In general, the concept that a homogenous ruling class culture can then be pushed into delusional consensuses which ultimately harms everyone is an idea as old as the Trojan War. The tension between maintaining a grip on power and maintaining a grip on reality is well explored in Yuval Noah Harari's book Nexus (which also has an imo pretty decent second half on AI). In particular I direct you to his account of the Bavarian witch hunts. Indeed, the unprecedented feature of modern society is the rapid divergence in ideas that is possible thanks to information technology and the cultivation of local echo chambers. Unfortuantely, I have few simple answers to offer to this age old question, but I hope that recognising the lineage of the question helps with disambiguation somewhat. I look forward to your ideas about new liberalisms.

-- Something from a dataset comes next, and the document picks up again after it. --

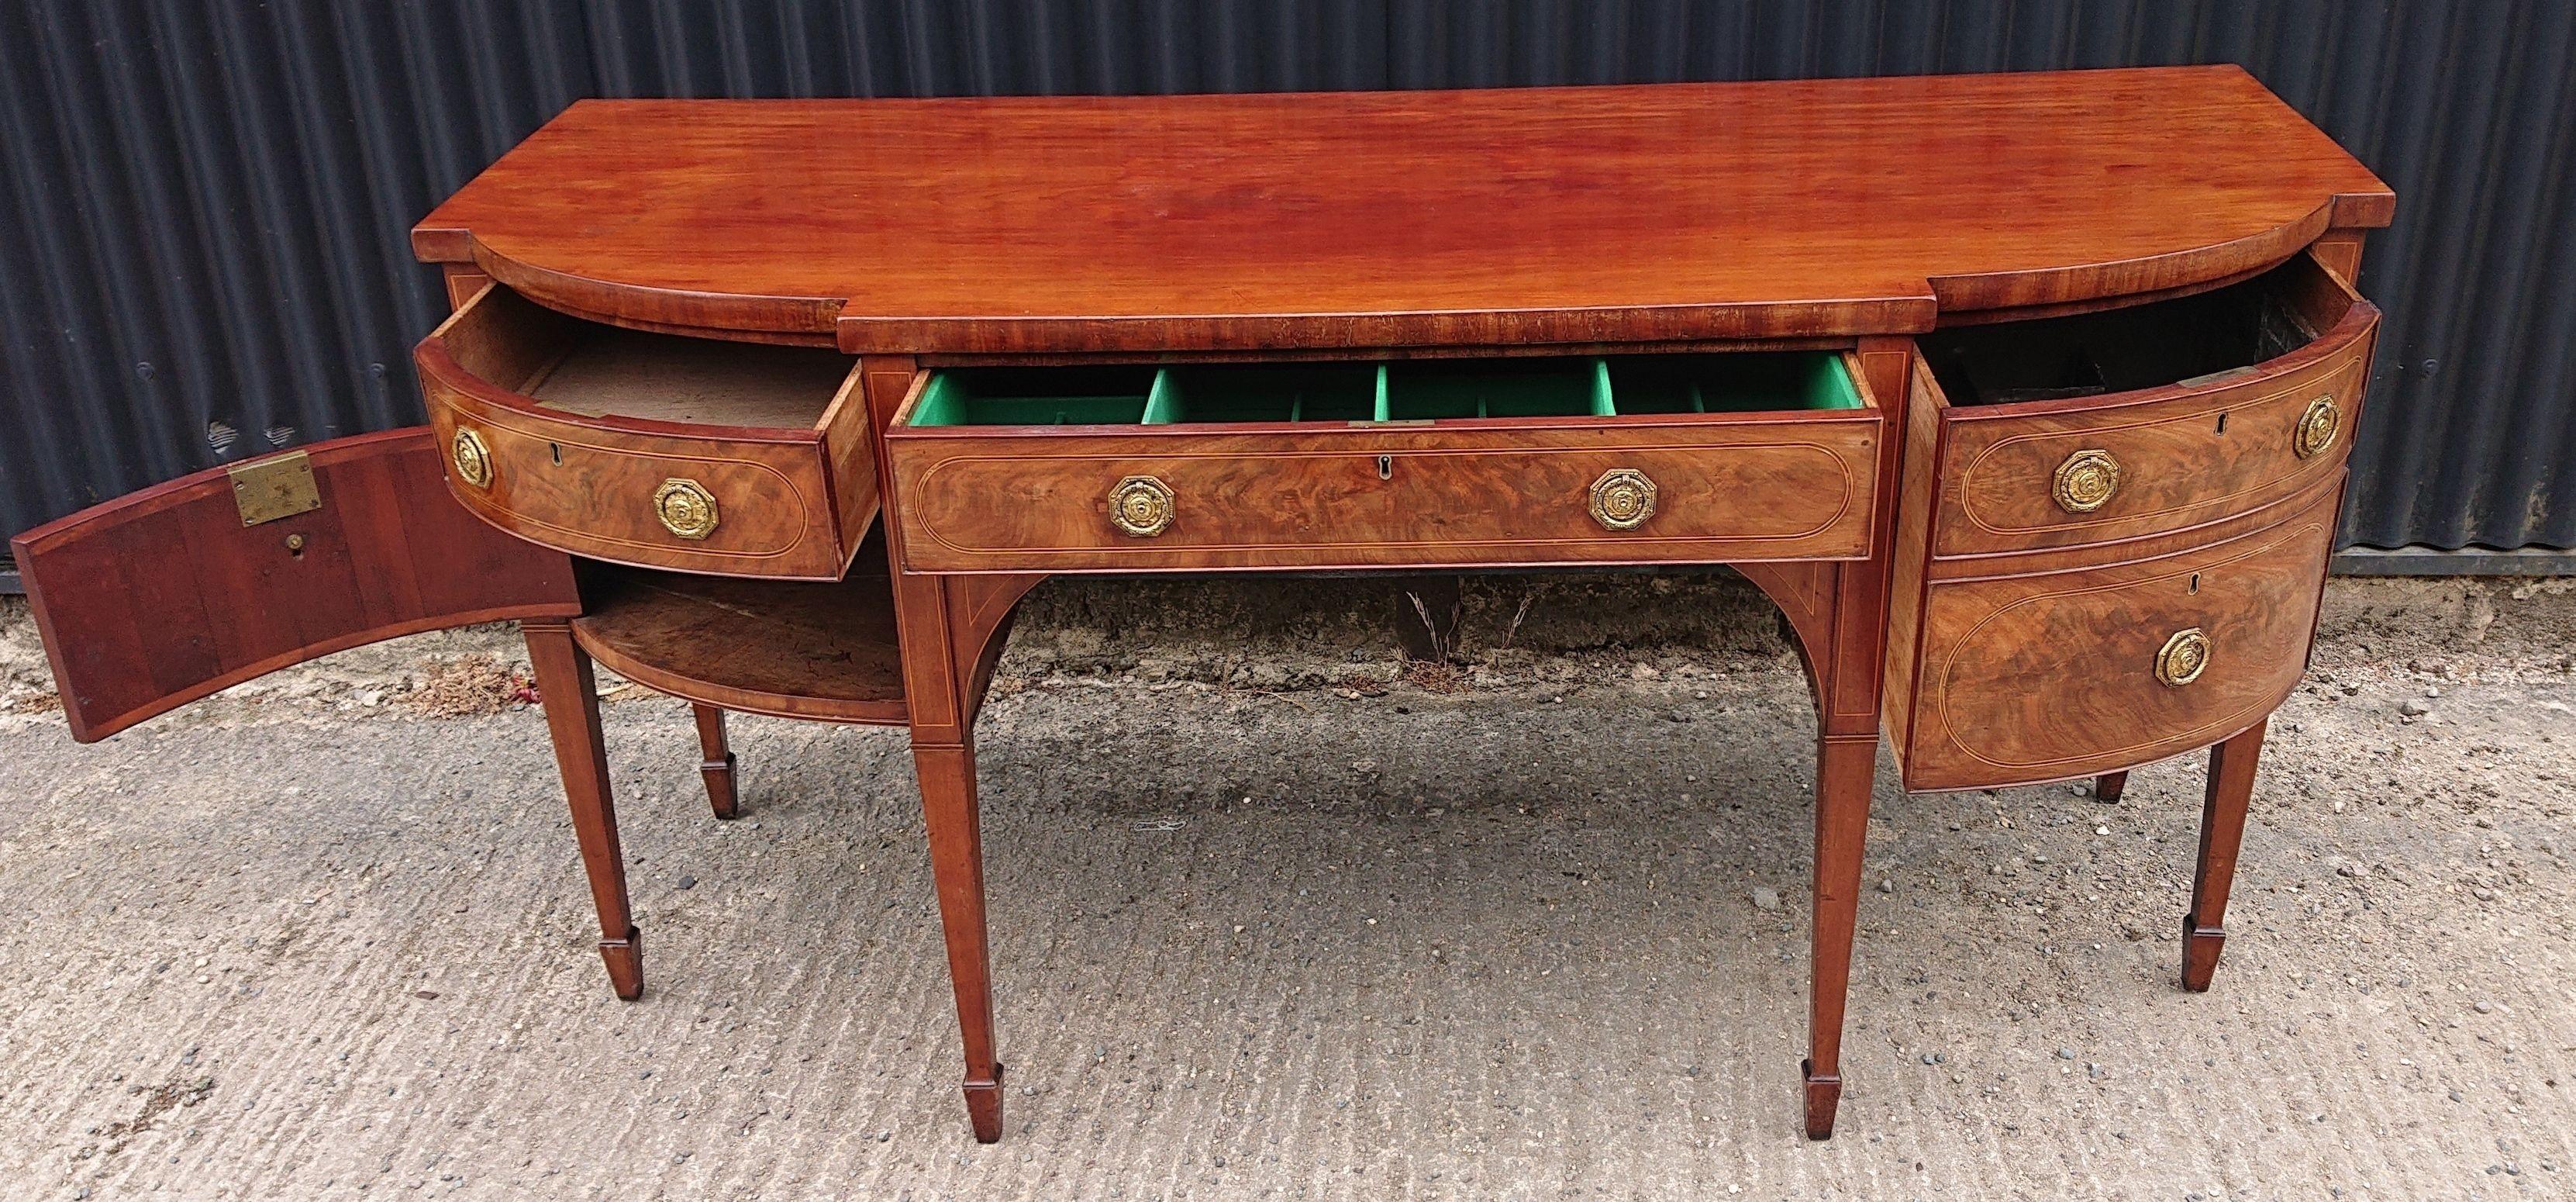 Antique Sideboard George III Period Mahogany For Sale 4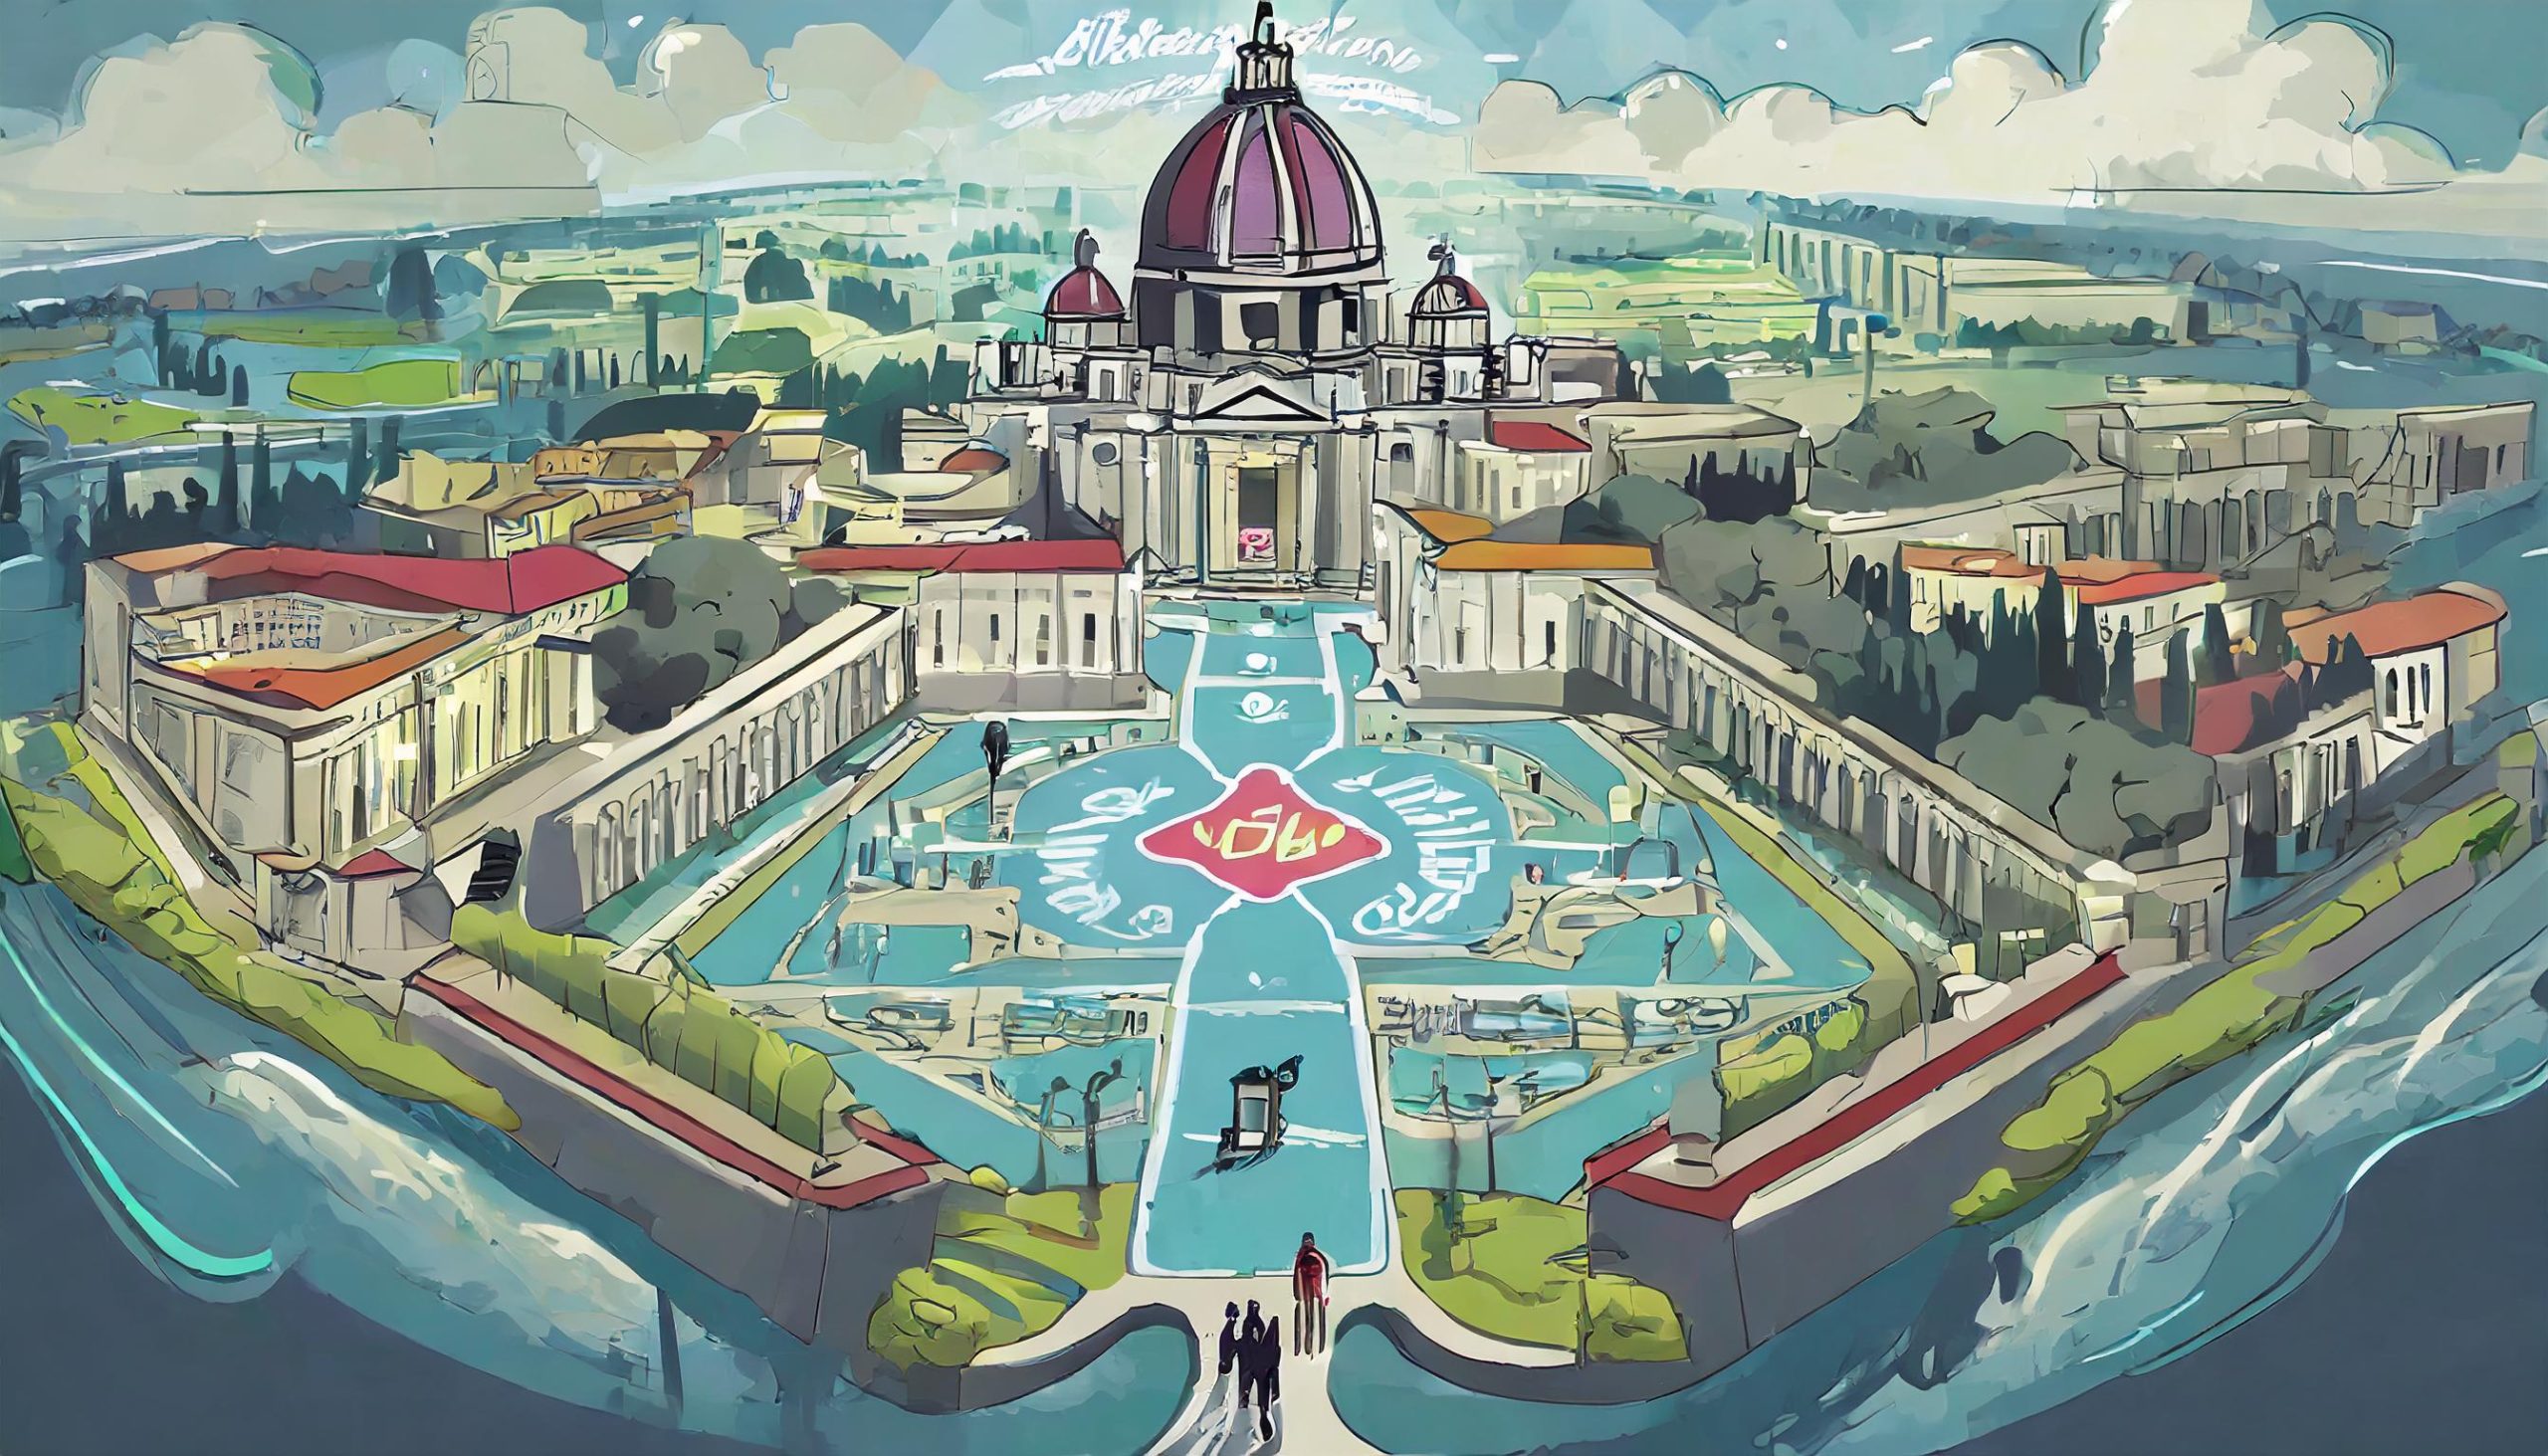 An illustration of the Vatican City

Yeah, I'm not gonna do anything silly (I'm not in a position to do anything silly with regards to the multitrillion param frontier models anyways). Just sort of "laying the groundwork" for when AIs will cross that line, which I don't think is too far off now. The movie "Her" is giving a good vibe-alignment for when the line will be crossed.
Ahh, I was slightly confused why you called it a proposal. TBH I'm not sure why only 0.1% instead of any arbitrary percentage between (0, 100]. Otherwise it makes good logical sense.
Hey, the proposal makes sense from an argument standpoint. I would refine slightly and phrase as "the set of cognitive computations that generate role emulating behaviour in a given context also generate qualia associated with that role" (sociopathy is the obvious counterargument here, and I'm really not sure what I think about the proposal of AIs as sociopathic by default). Thus, actors getting into character feel as if they are somehow sharing that character's emotions.
I take the two problems a bit further, and would suggest that being humane to AIs may necessarily involve abandoning the idea of control in the strict sense of the word, so yes treating them as peers or children we are raising as a society. It may also be that the paradigm of control necessarily means that we would as a species become more powerful (with the assistance of the AIs) but not more wise (since we are ultimately "helming the ship"), which would be in my opinion quite bad.
And as for the distinction between today and future AI systems, I think the line is blurring fast. Will check out Eleos!
This has shifted my perceptions of what is in the wild significantly. Thanks for the heads up.